The May 2026 diversion: the tension made concrete

The structural tension stopped being abstract in May 2026.

Closing USAID is not free. Winding down an agency generates costs — legal expenses, unpaid invoices to contractors, the disposition of assets and property. In 2026 the administration told Congress it had reserved more than $19 billion to cover USAID closeout costs, much of it from previously terminated contracts.

In early May 2026, the administration moved to cover part of those closure costs by diverting roughly $2 billion that Congress had appropriated for global health — money designated for malaria, tuberculosis, maternal and child health, nutrition, global health security, and HIV/AIDS — toward the expenses of shutting the agency down. Reporting indicated that an additional roughly $1.2 billion in development assistance would be redirected as well (CNN). One think-tank analysis estimated that a $2 billion cut to those health programs could translate into well over 100,000 preventable deaths from tuberculosis and tens of thousands more from malaria.

This is the constitutional collision in concrete form. Congress, holding the spending power, appropriated money for global health. The executive branch moved to spend it on closing an agency — a purpose Congress had not authorized, to dismantle an agency Congress had not voted to close. Seventeen Senate Democrats formally objected, demanding the administration reverse the budget notification and arguing there was no justification for withholding global-health money to pay for the costs of dismantling USAID.
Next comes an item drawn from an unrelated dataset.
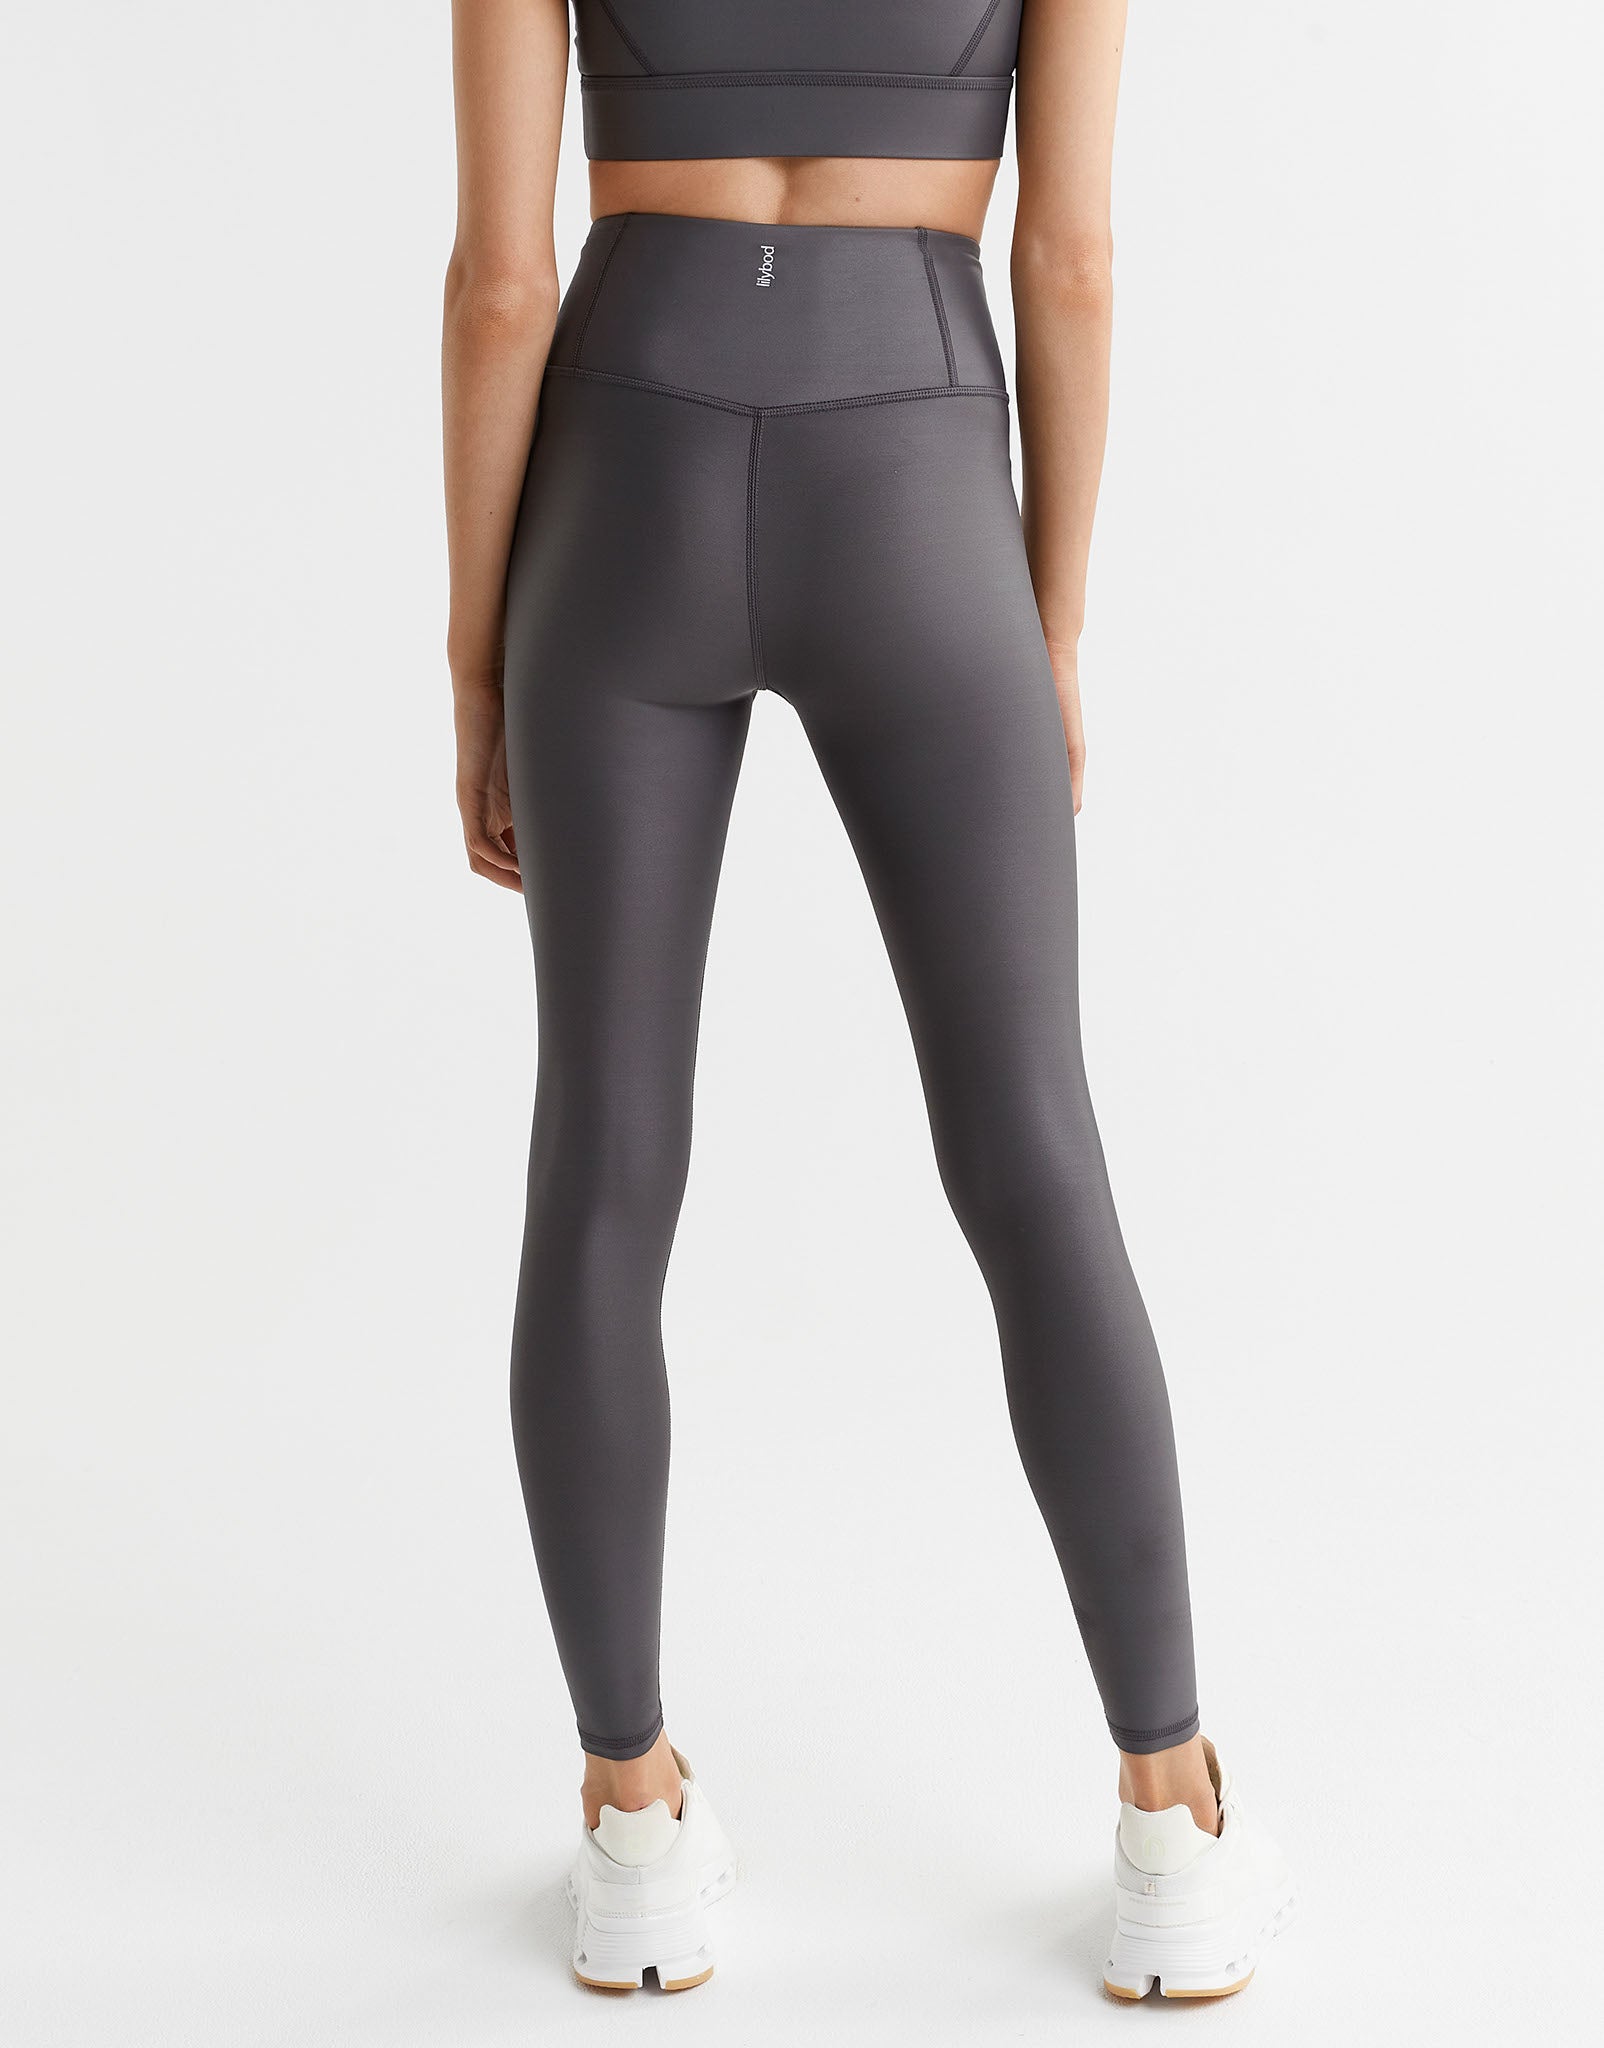 Lilybod-Storm-Legging-Mineral-All-Over-Wet-Look-LL125-MWL-5.jpeg

The dispute turns on a recurring question of appropriations law: how far the executive may stretch its authority to reprogram or transfer funds between accounts before it crosses into spending money for purposes Congress did not appropriate it for — or into impounding funds Congress did appropriate. Congress sets spending by account and purpose precisely so the executive cannot quietly redirect it. A move to repurpose health money for shutdown costs tests exactly that boundary.

The stakes beyond USAID

The narrow story is about one agency. The broader story is about a structural principle.
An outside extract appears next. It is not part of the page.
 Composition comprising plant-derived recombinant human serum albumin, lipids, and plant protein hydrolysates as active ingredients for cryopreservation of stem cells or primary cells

If an administration can dismantle an agency Congress created by statute, decline to spend appropriations the way Congress directed, and redirect designated funds to its own priorities, then two of Congress’s core Article I powers — to structure the government and to control its spending — become advisory. The check does not depend on whether one agrees with USAID’s record or with foreign aid generally. It depends on whether the appropriations Congress enacts are binding instructions or merely suggestions.

That is why the FY2026 sequence matters well beyond foreign assistance. It is a live test of whether the power of the purse still functions as a constraint.

What to ask your representatives

  • Do they believe the executive branch can lawfully abolish an agency that Congress created by statute without congressional authorization? If not, what will they do about USAID’s dissolution?
  • Will they oppose the diversion of roughly $2 billion in appropriated global-health funds to pay USAID closure costs, and will they support legislation or oversight to block it?
  • How did they vote on the FY2026 appropriations package (P.L. 119-75), and do they support its roughly $50 billion in funding for diplomacy and assistance over the administration’s much smaller request?
  • What specific tools — appropriations riders, reprogramming restrictions, oversight hearings, litigation support — will they use to ensure appropriated funds are spent for the purposes Congress designated?
  • If foreign assistance is to be delivered through the State Department rather than an independent agency, what oversight structure will they insist on so that Congress can still track how the money is used?